Portland affordable housing complex takes modular approach to green
By Christina Williams
Sustainable Business Oregon editor
Stuart Emmons, the Portland-based architect behind the Kah San Chako Haws project, said he hopes the design will change the way affordable housing is built in the future.
Portland saw its first modular housing development open its doors this week with the launch of the Kah San Chaco Haws apartment complex.
The development, which means "East House" in Chinook, is a LEED Gold-certified modular apartment complex designed to provide energy-efficient homes for Native Americans living in poverty.
"This is the first modular housing development that is made up of stacked modular units in an apartment style,” said Rey España, director of community development for the Native American Youth and Family Center, the organization that led the project.

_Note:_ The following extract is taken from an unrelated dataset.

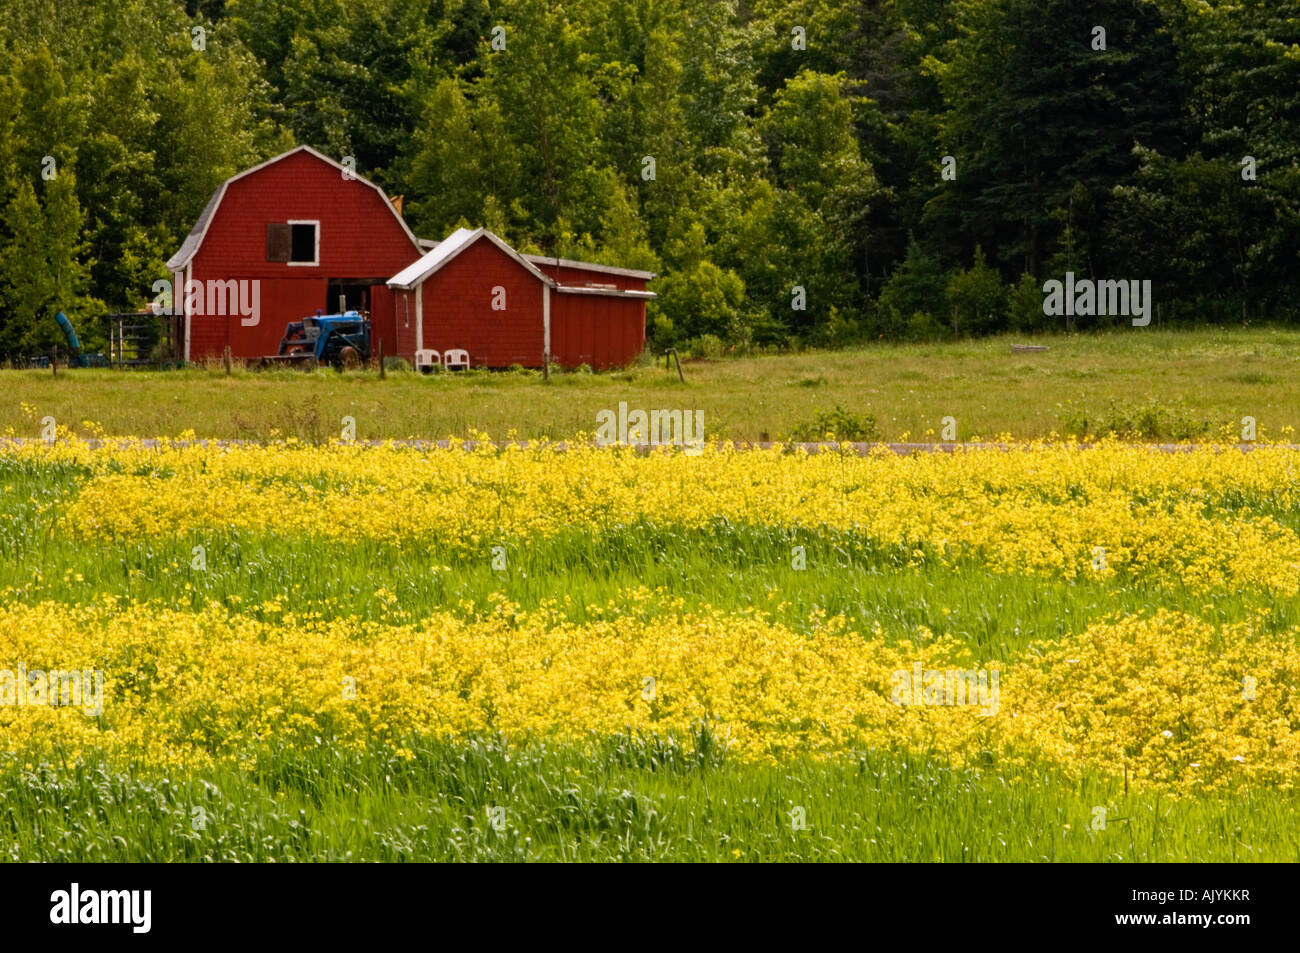 Potato fields and yellow mustard weed, , PE/PEI Prince Edward Island, Canada Stock Photo

Additional support came from the Portland Housing Bureau, Meyer Memorial Trust, Oregon Housing and Community Services and Capital Pacific Bank.
The nine-unit complex consists of three studio apartments, three one-bedroom apartments and three two-bedroom apartments. The units were built at Blazer Industries Inc. in Aumsville — the same company building the portable classroom units being designed at Portland State University.
The units are modular and stackable. The total length of time for design, securing permanent financing, permit acquisition, and construction was 13 months, compared to the 18 to 24 months that it takes for traditional stick-built, affordable housing complexes.